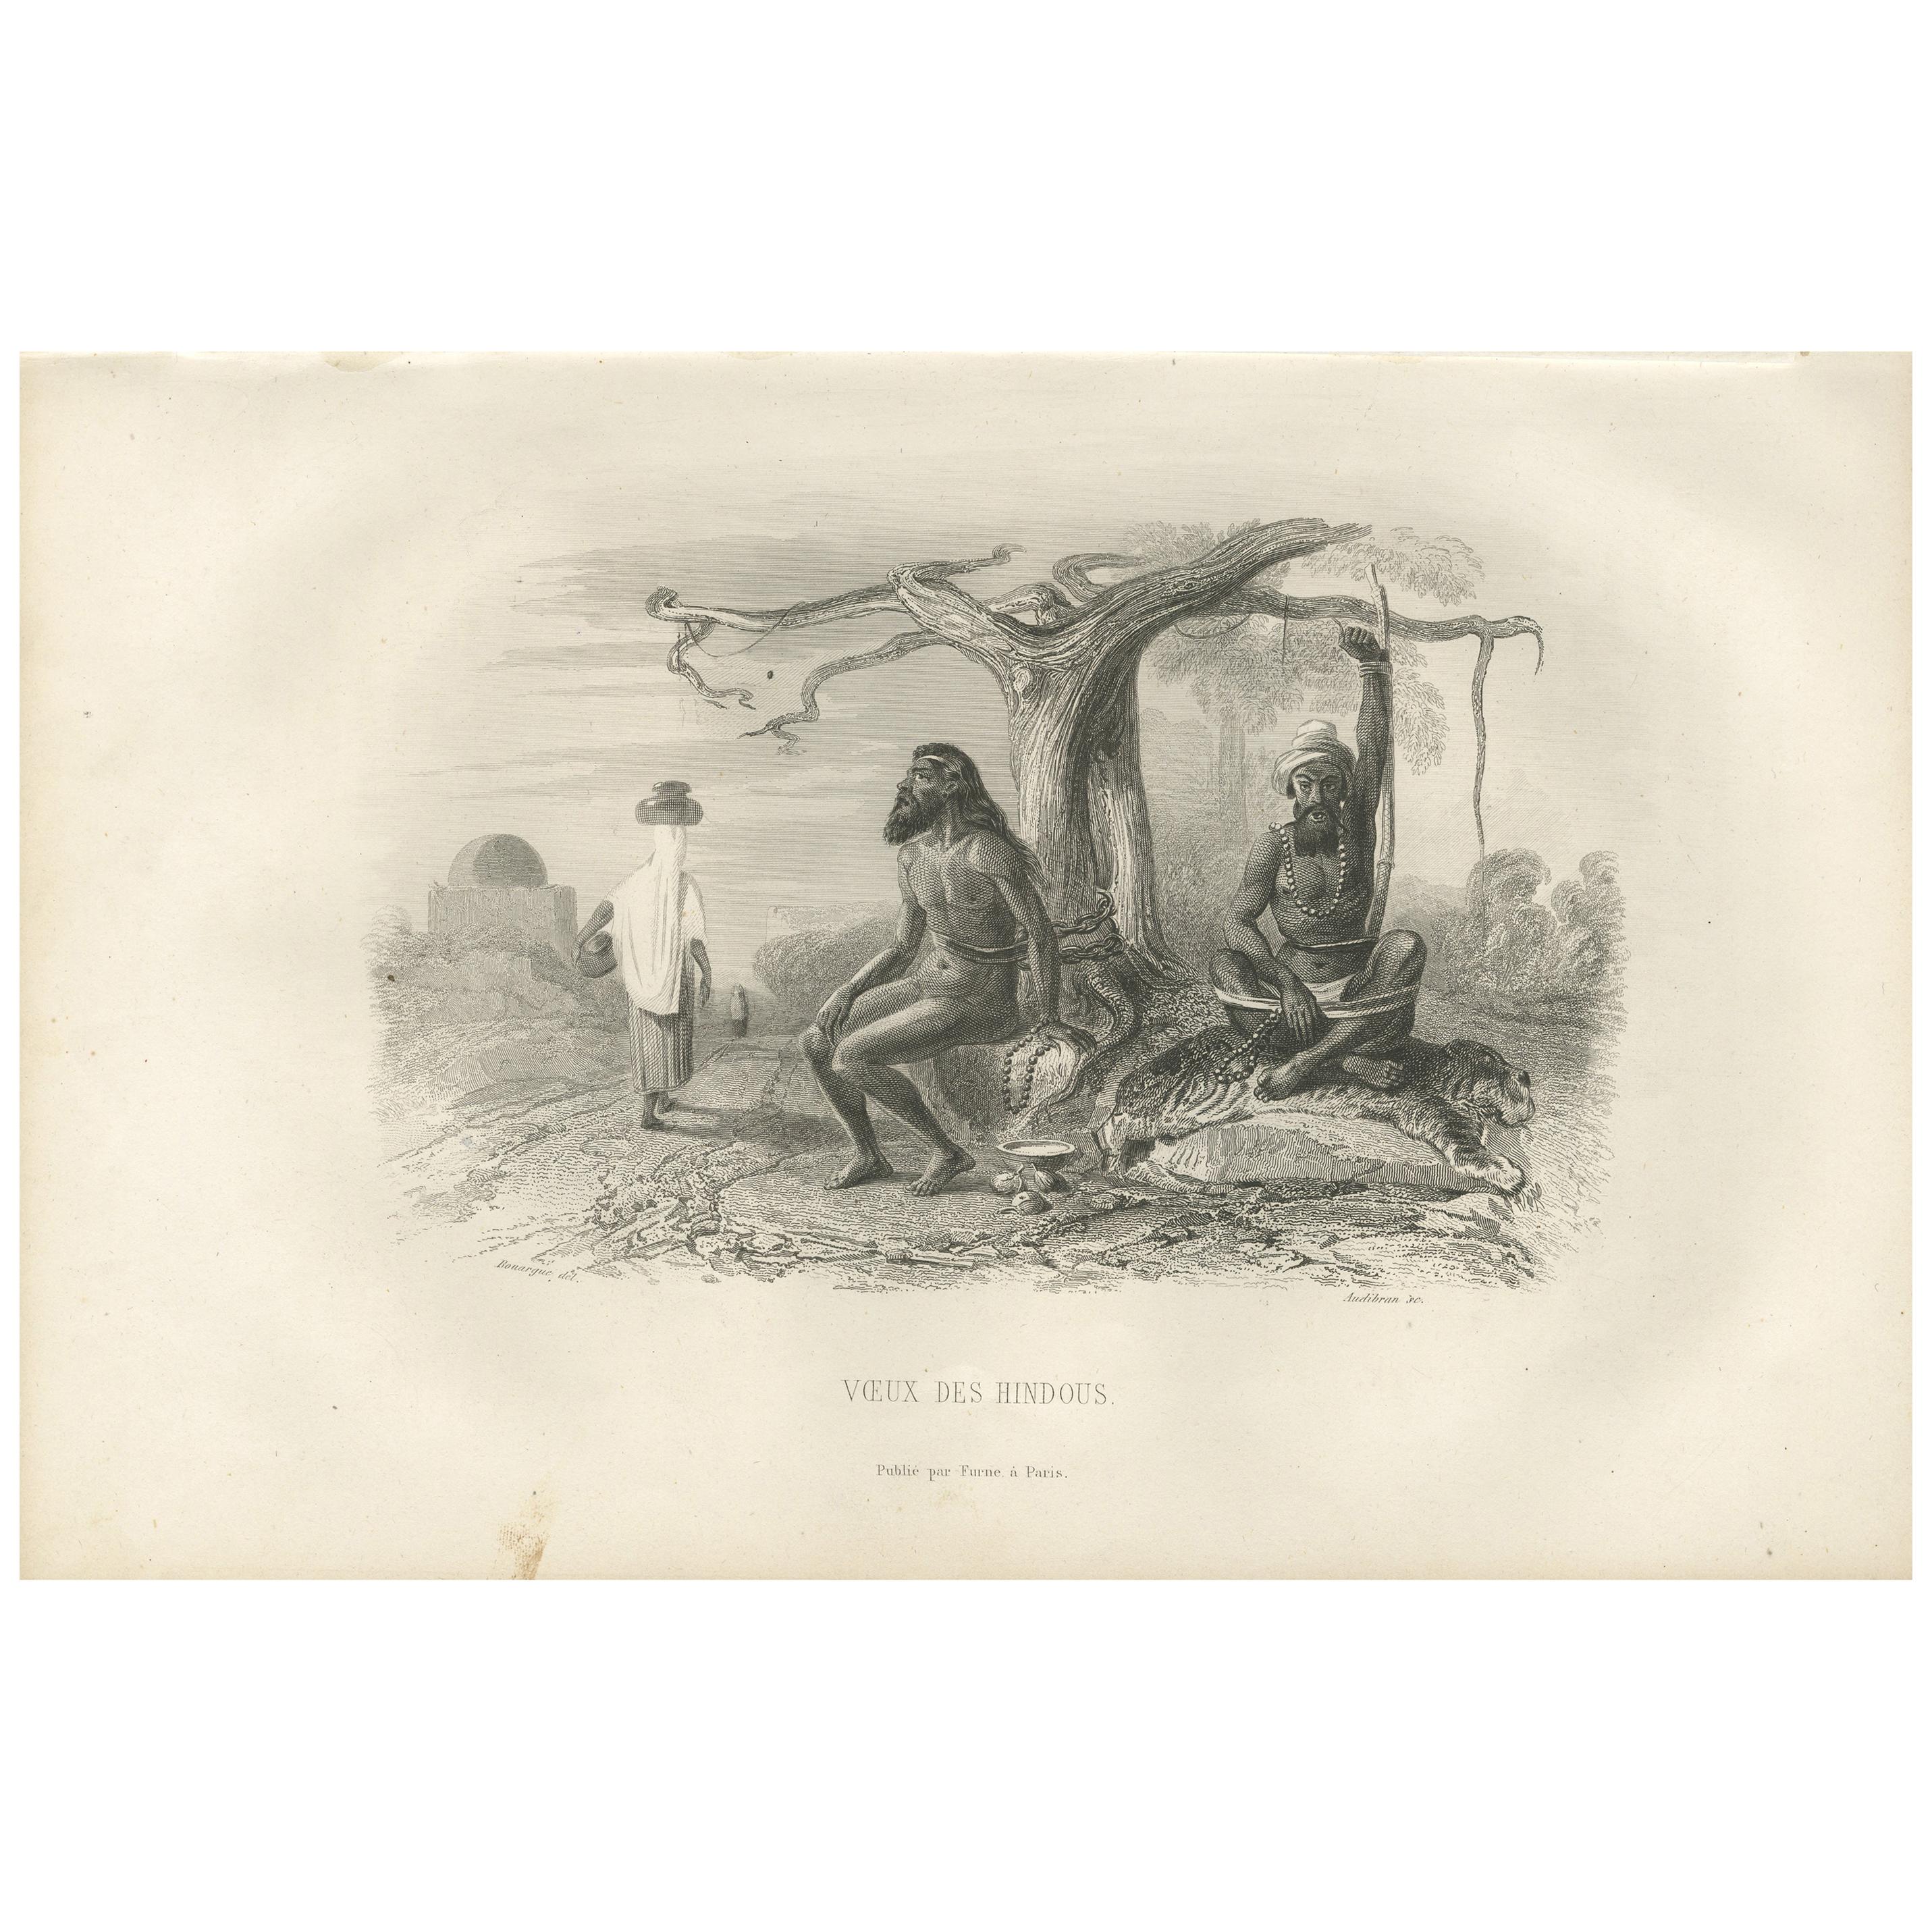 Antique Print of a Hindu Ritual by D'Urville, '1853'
==
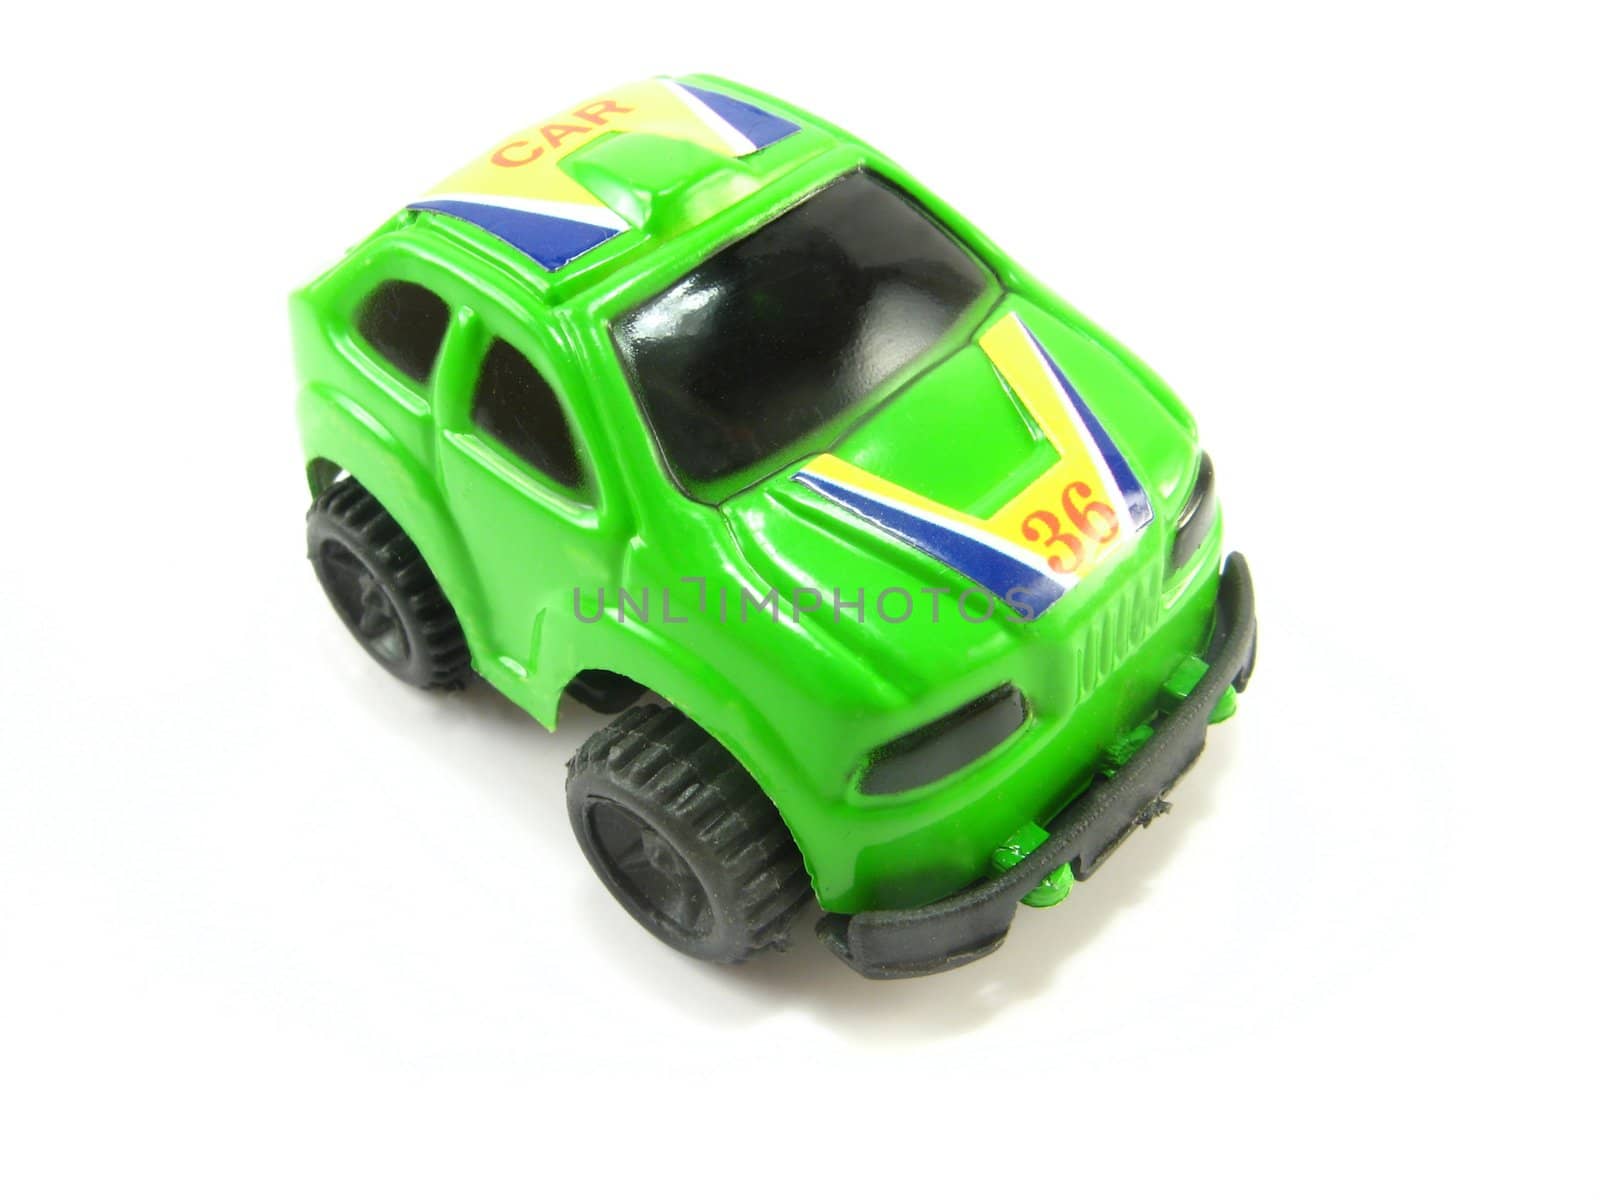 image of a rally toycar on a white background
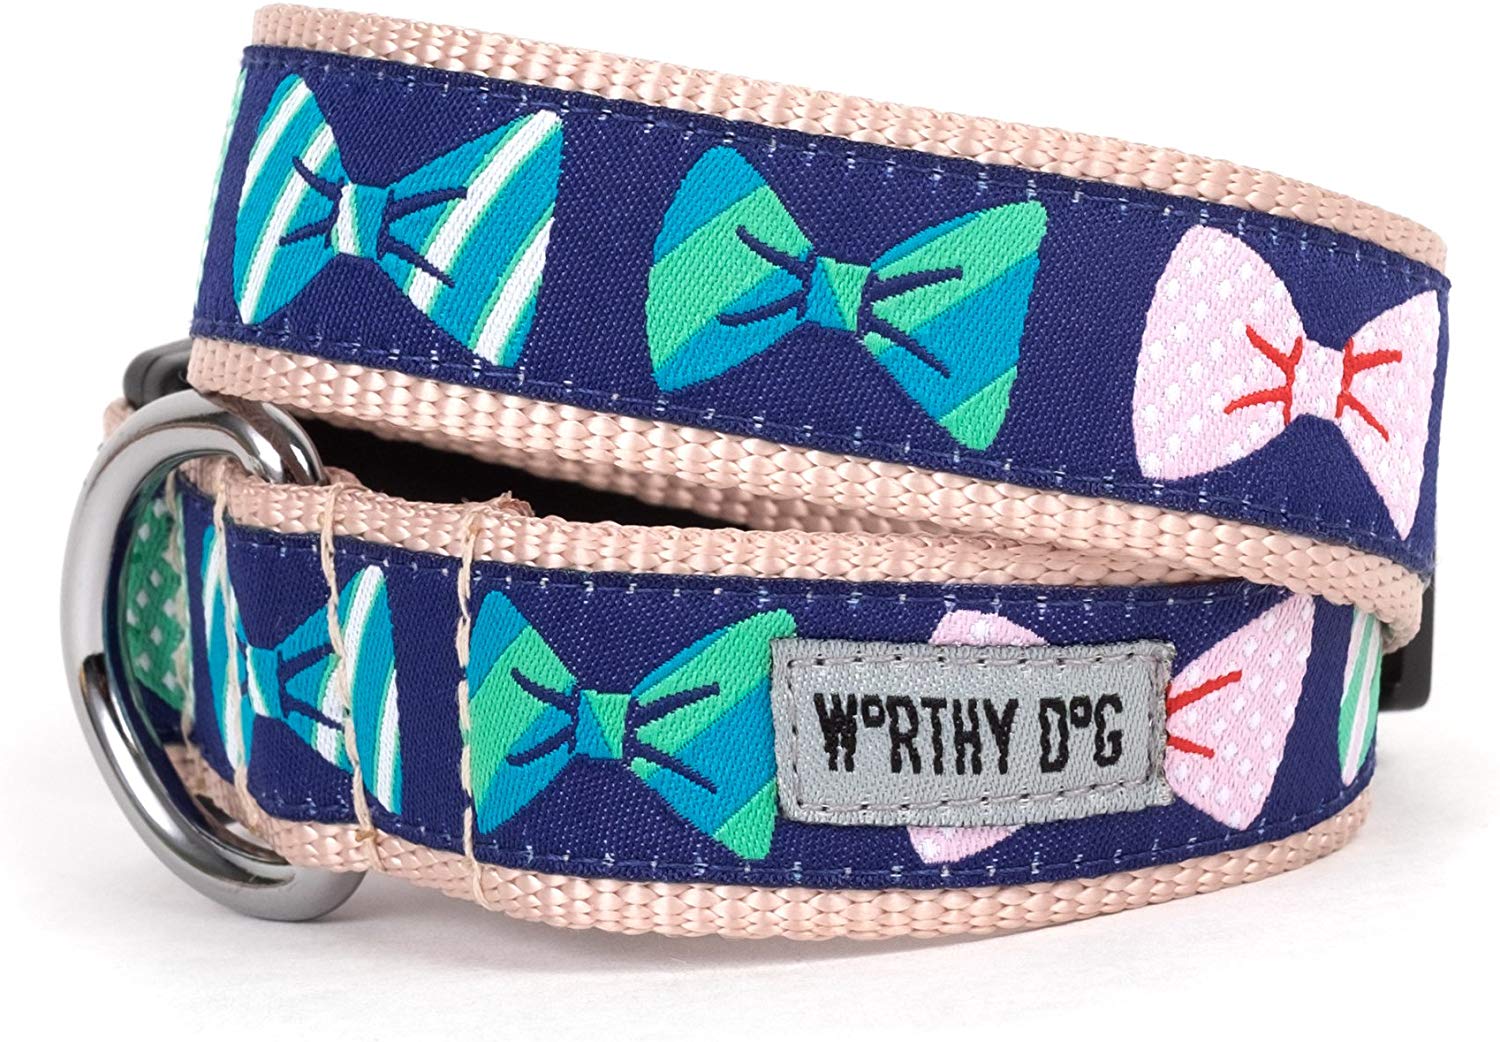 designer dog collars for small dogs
---
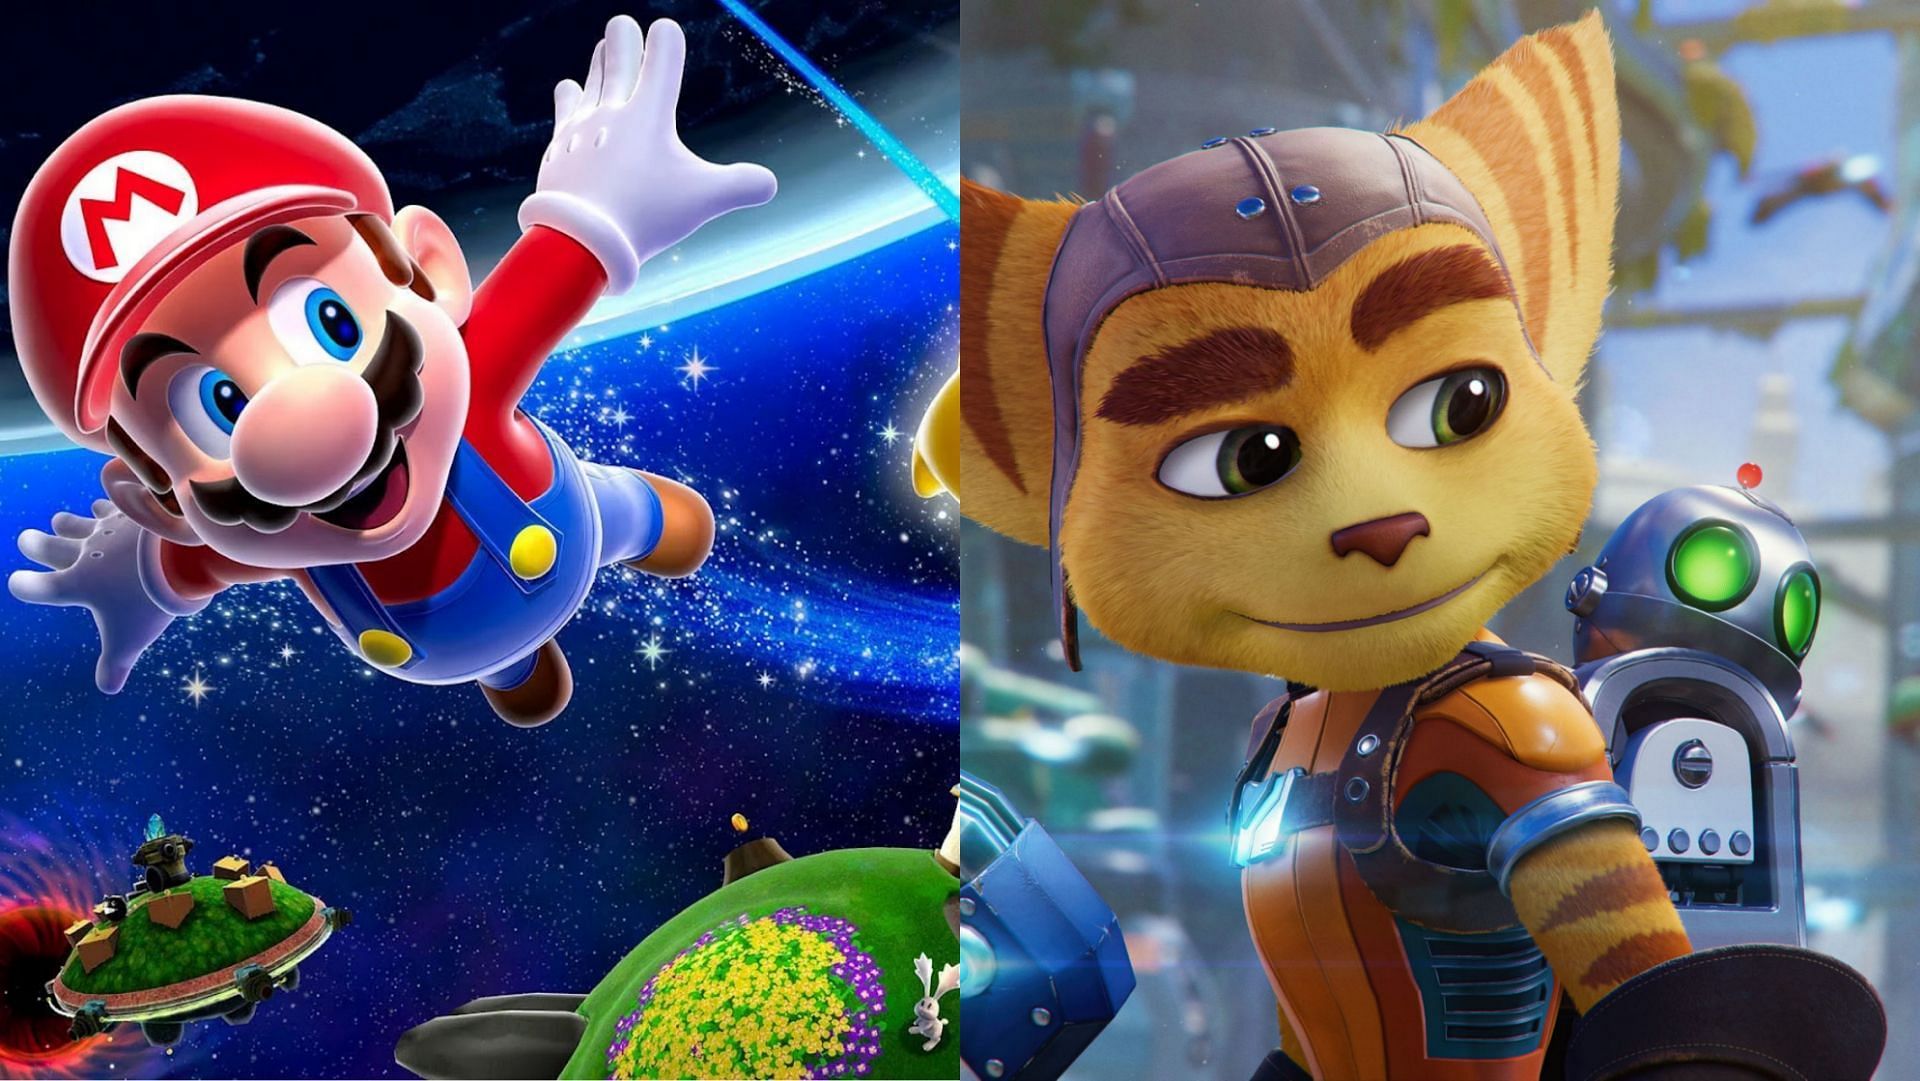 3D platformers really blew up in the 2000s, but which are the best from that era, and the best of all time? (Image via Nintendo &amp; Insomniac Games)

## [Task directions]
Quote word for word only the lines above from the one containing "image of a rally" through the one containing "designer dog collars for small dogs". Pictures stay out of your copy.

## [Solution for this exercise]
 image of a rally toycar on a white background
 designer dog collars for small dogs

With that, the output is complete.